ACTION ITEM: Reproduce every line below exactly as written; do not include the images.

SUPPLIED MATERIAL:
----------------

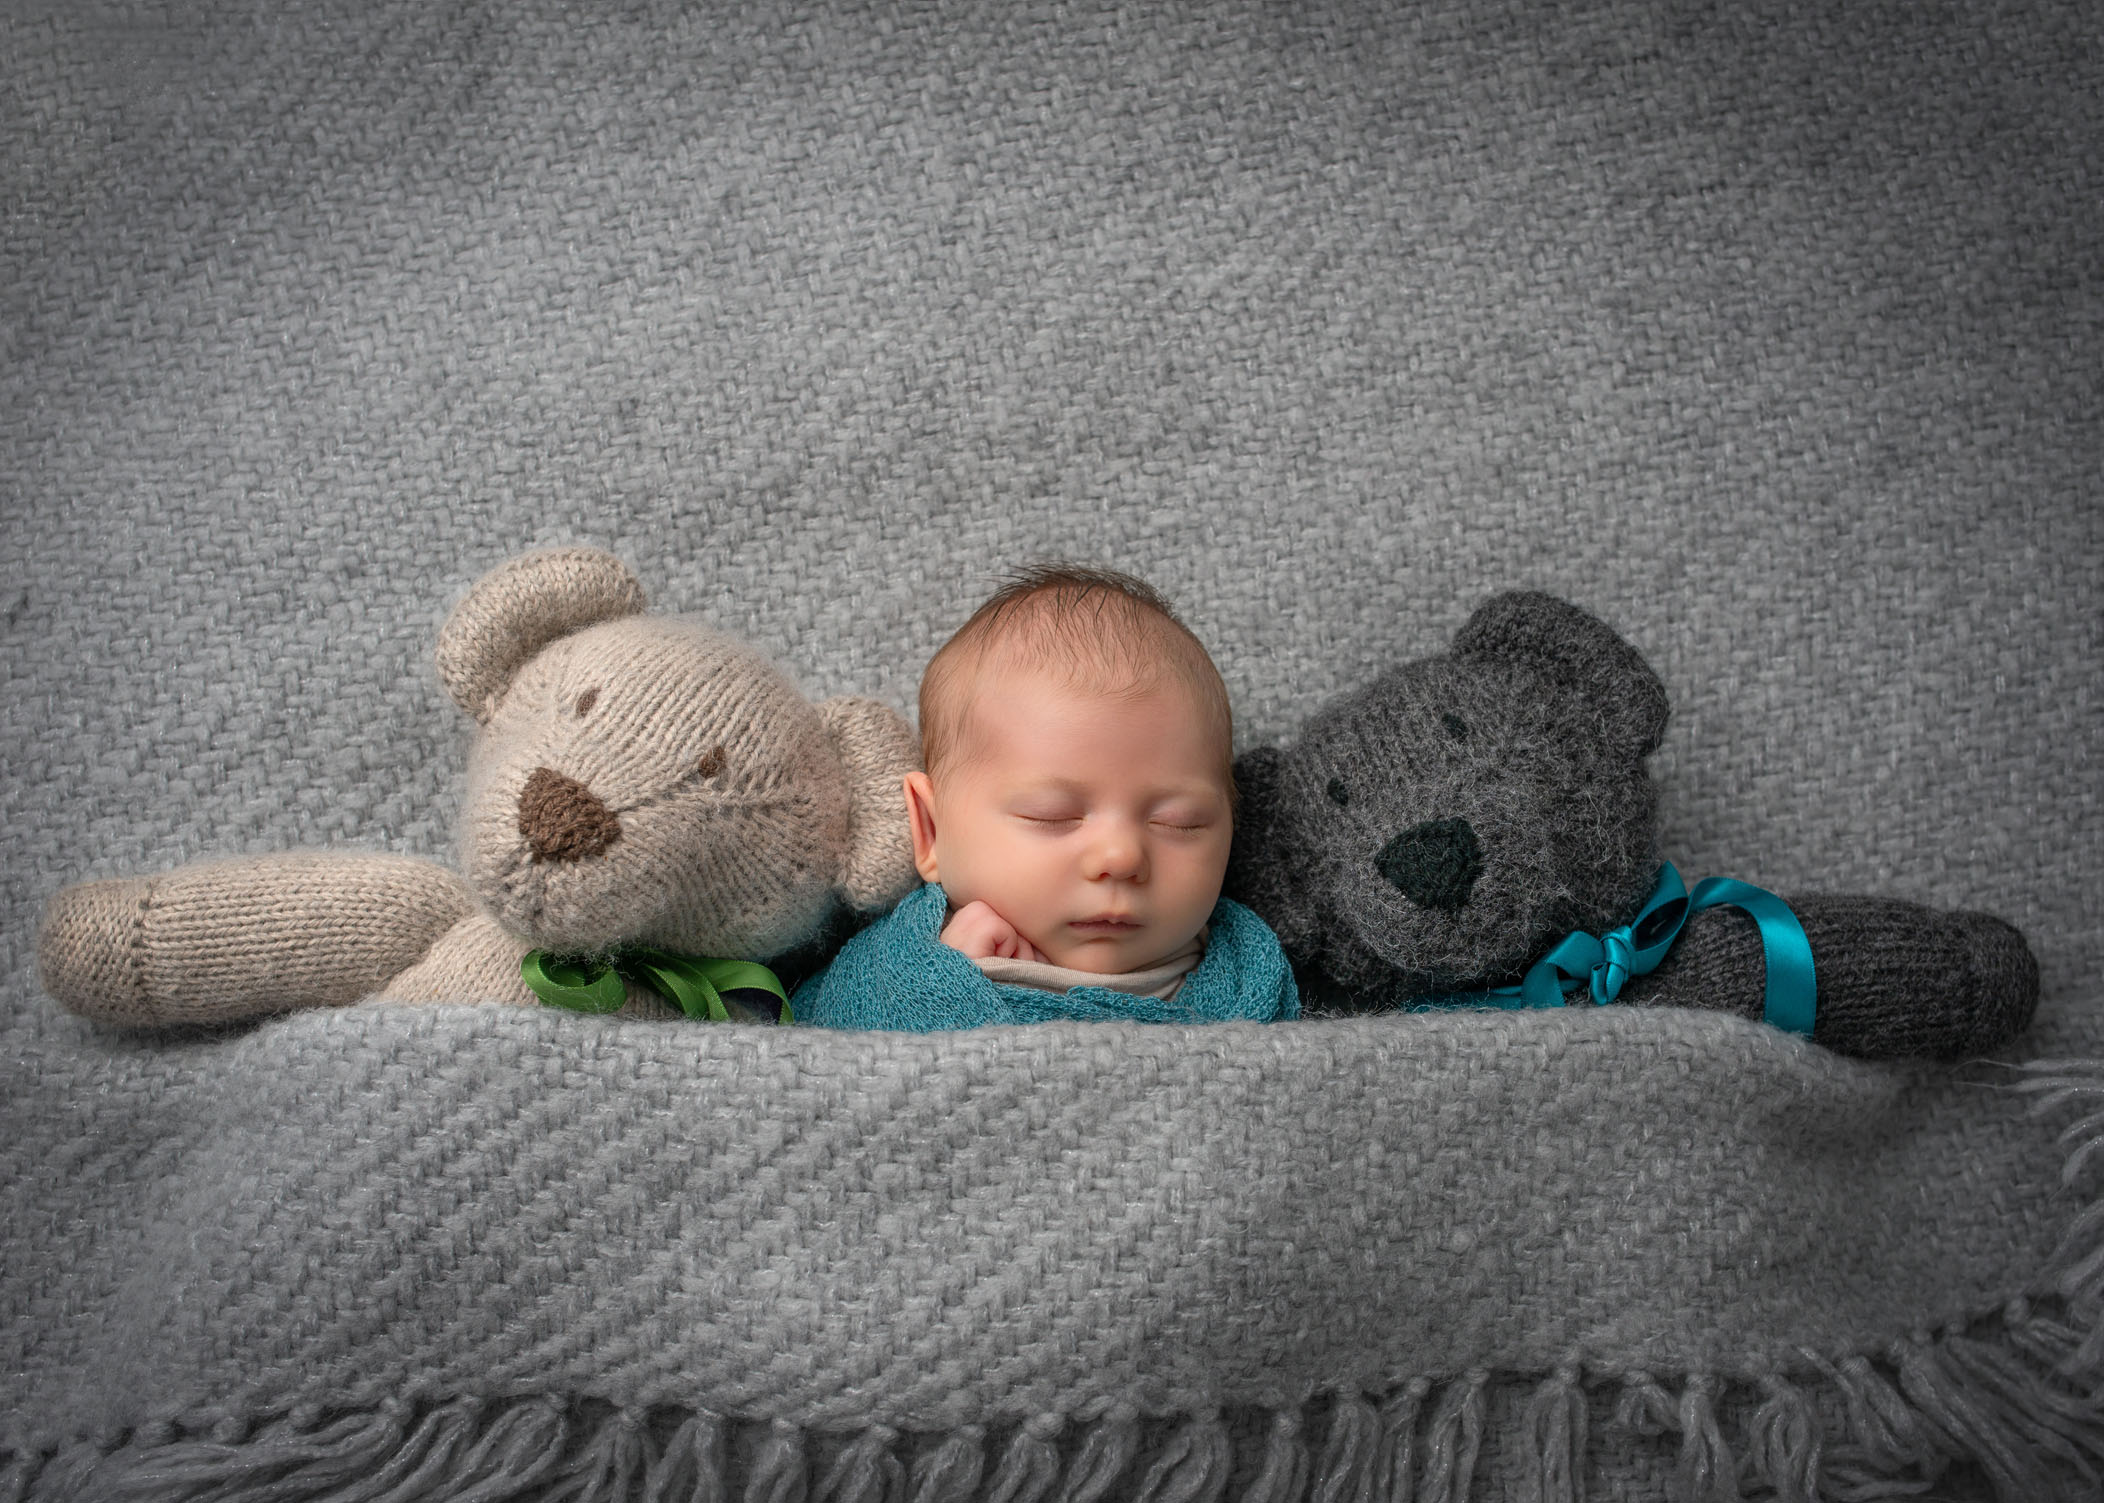 baby girl sleeping tucked in blanket with two stuffed teddy bears
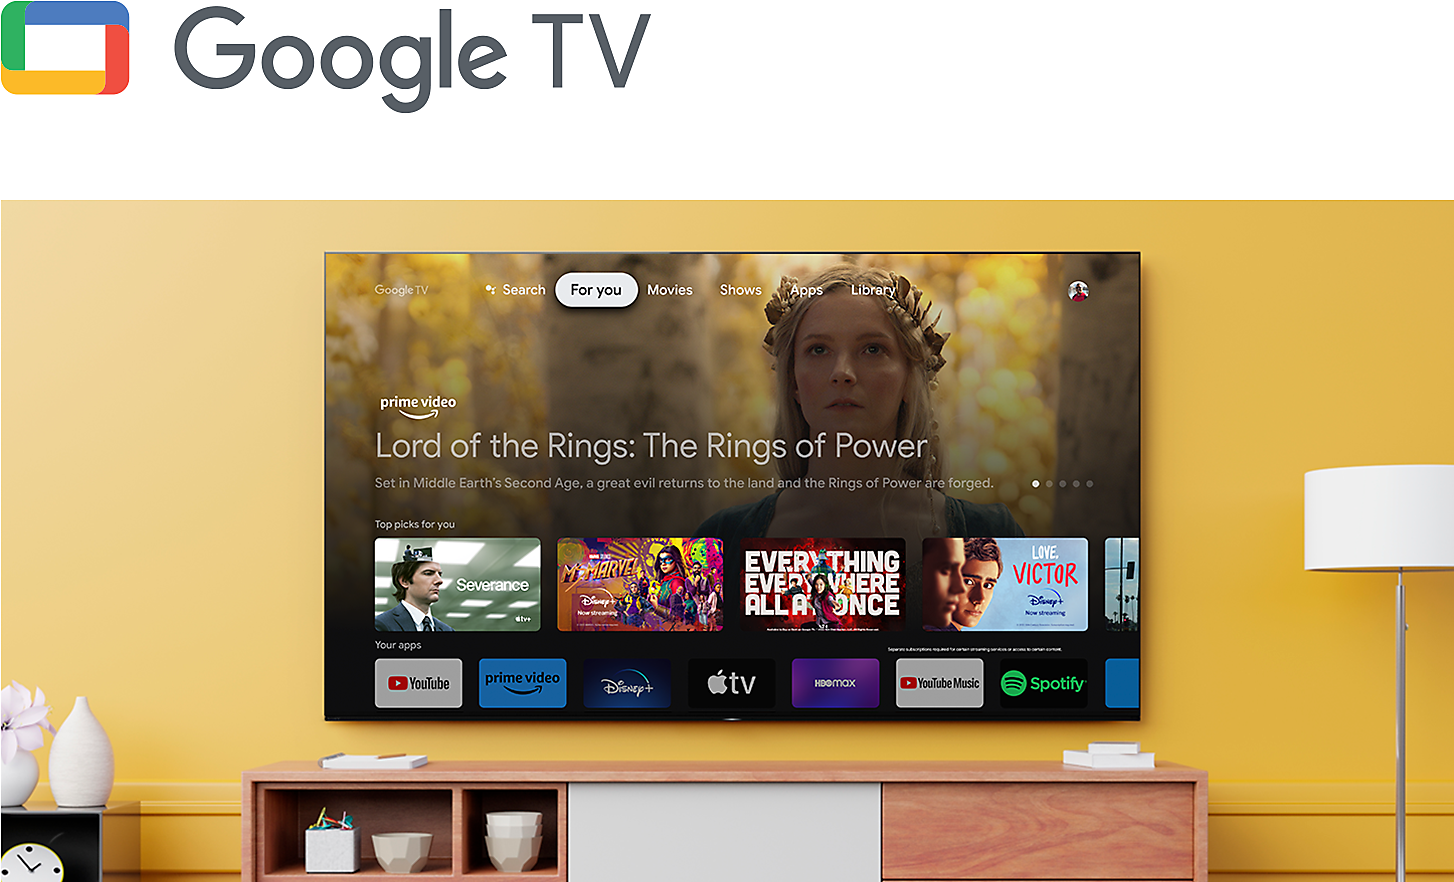 Logo Google TV nad obývacím pokojem s televizorem BRAVIA upevněným na stěně a ukazujícím řadu zábavních aplikací a streamovacích služeb
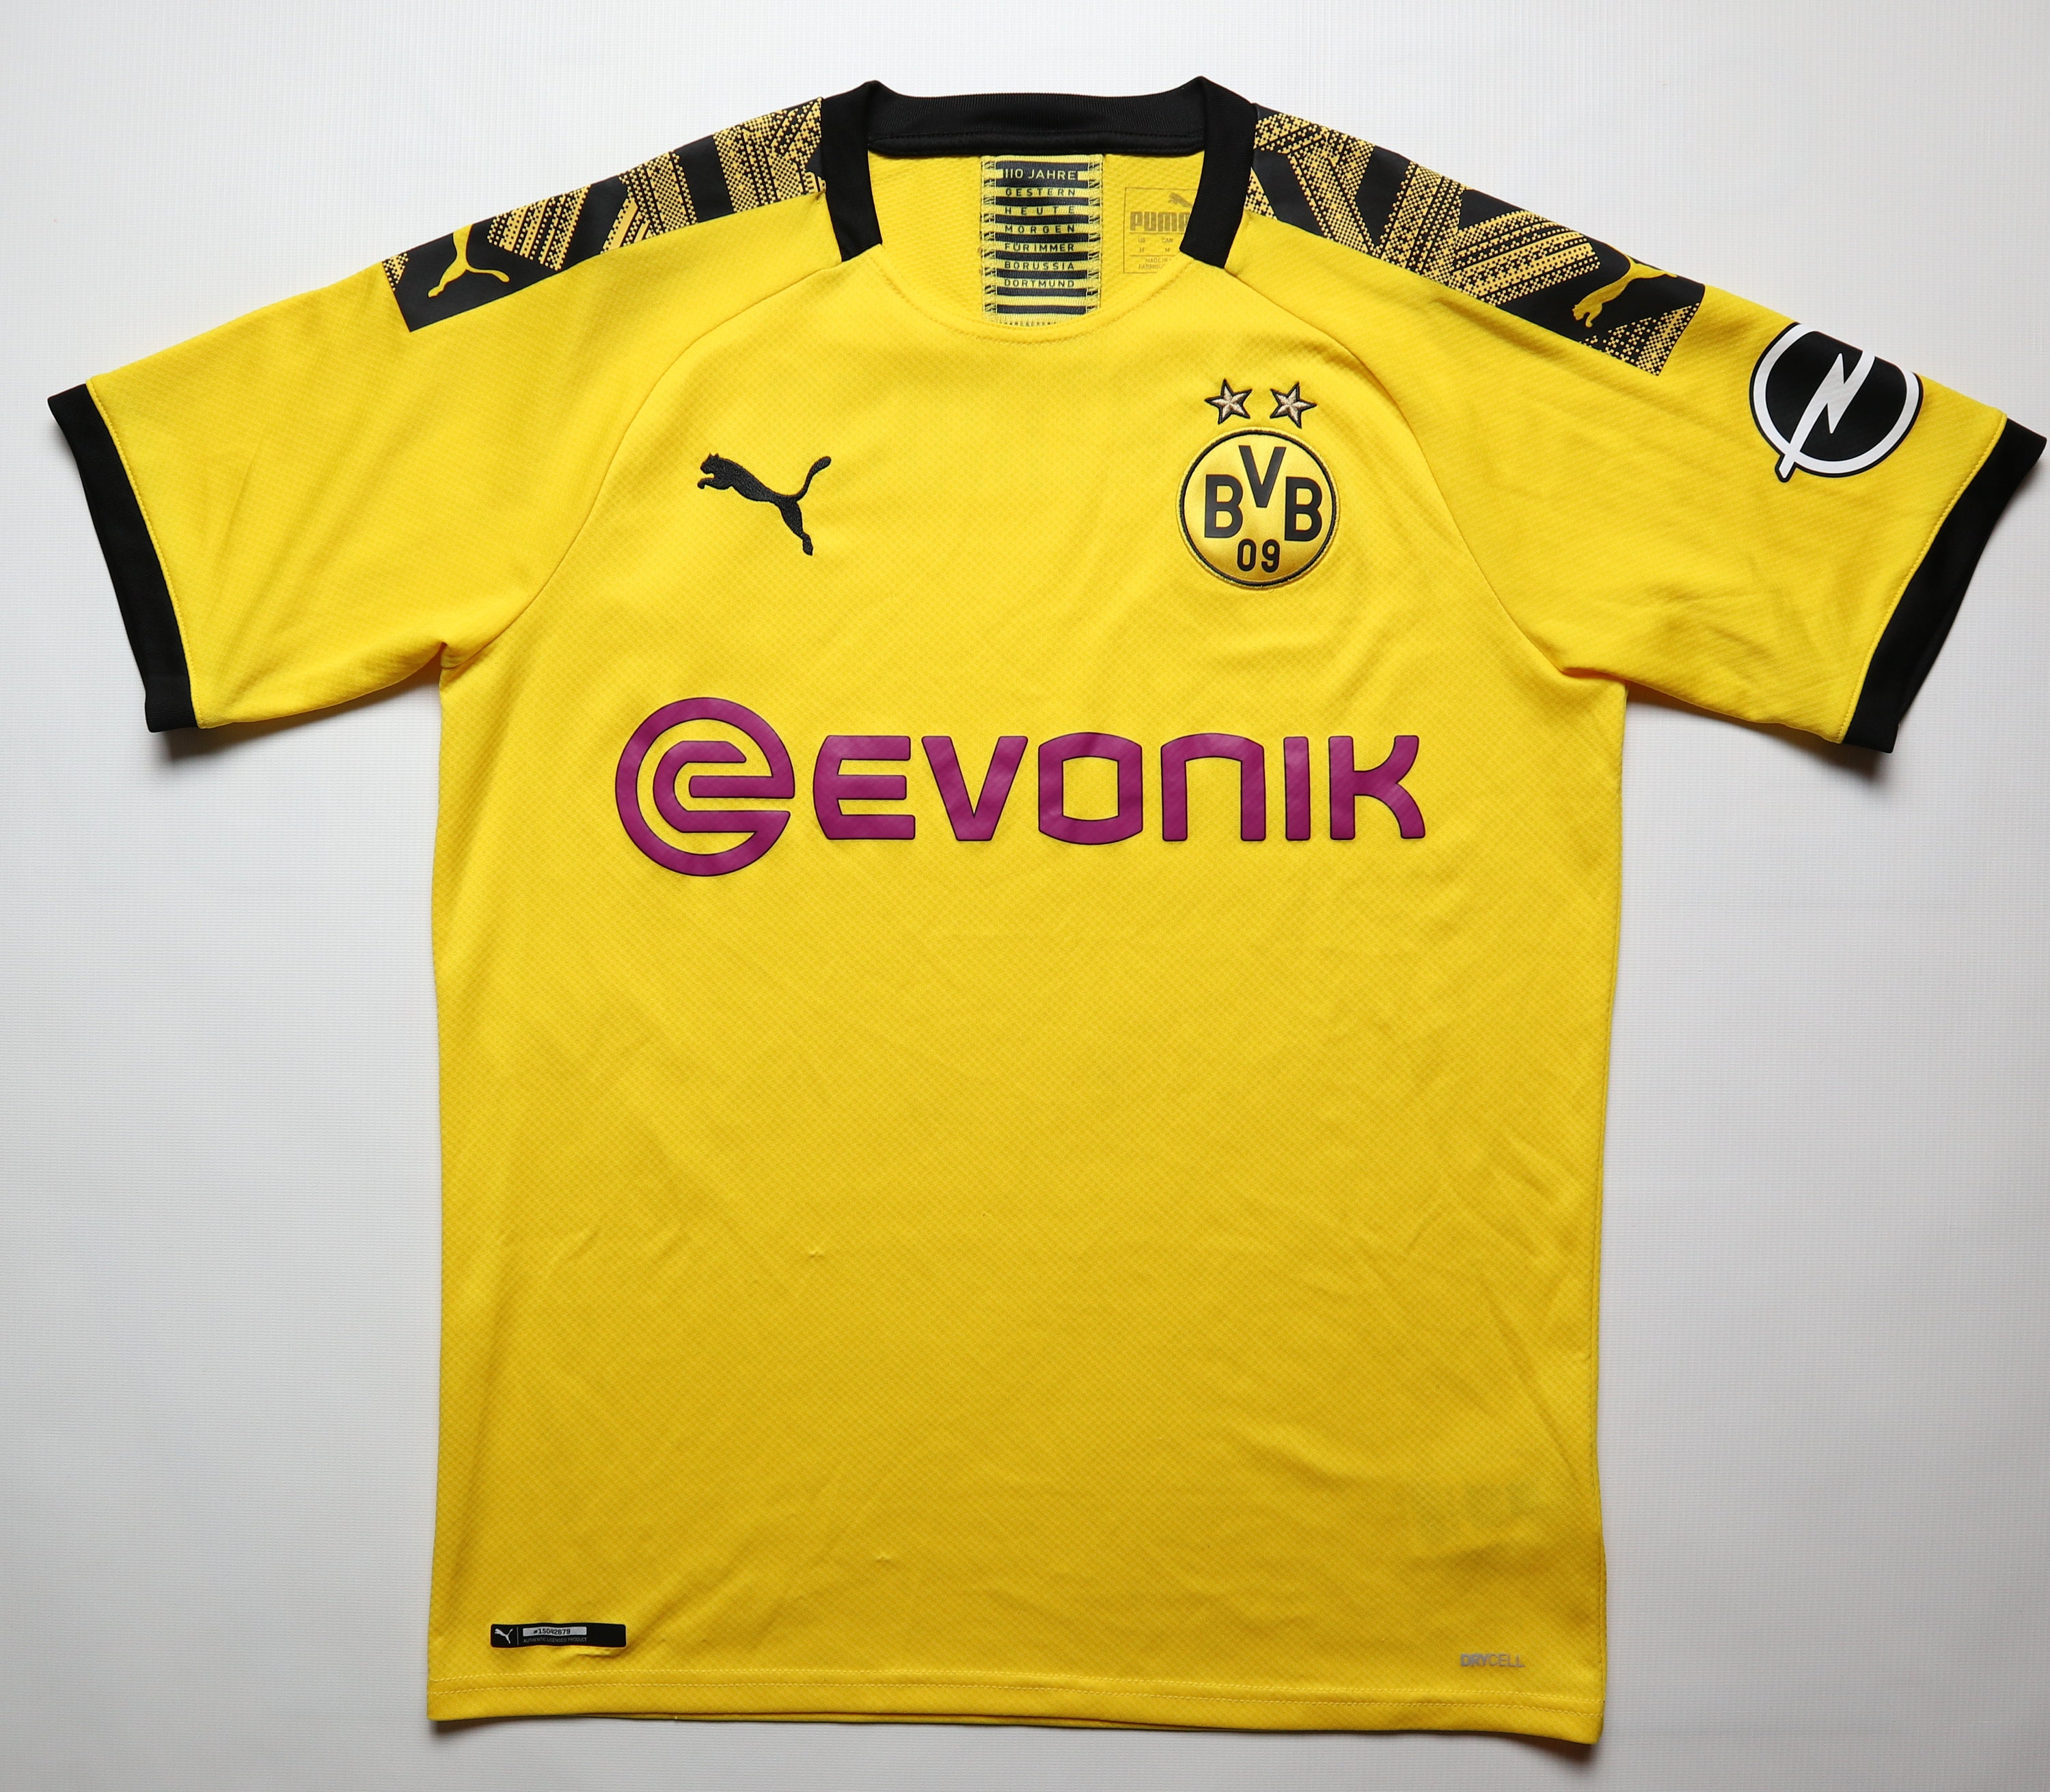 BVB Dortmund 2019/2020 Home Football Soccer Jersey Sweden

----------------

REPLY TO THE EXERCISE:
 baby girl sleeping tucked in blanket with two stuffed teddy bears
 Logo Google TV nad obývacím pokojem s televizorem BRAVIA upevněným na stěně a ukazujícím řadu zábavních aplikací a streamovacích služeb
 BVB Dortmund 2019/2020 Home Football Soccer Jersey Sweden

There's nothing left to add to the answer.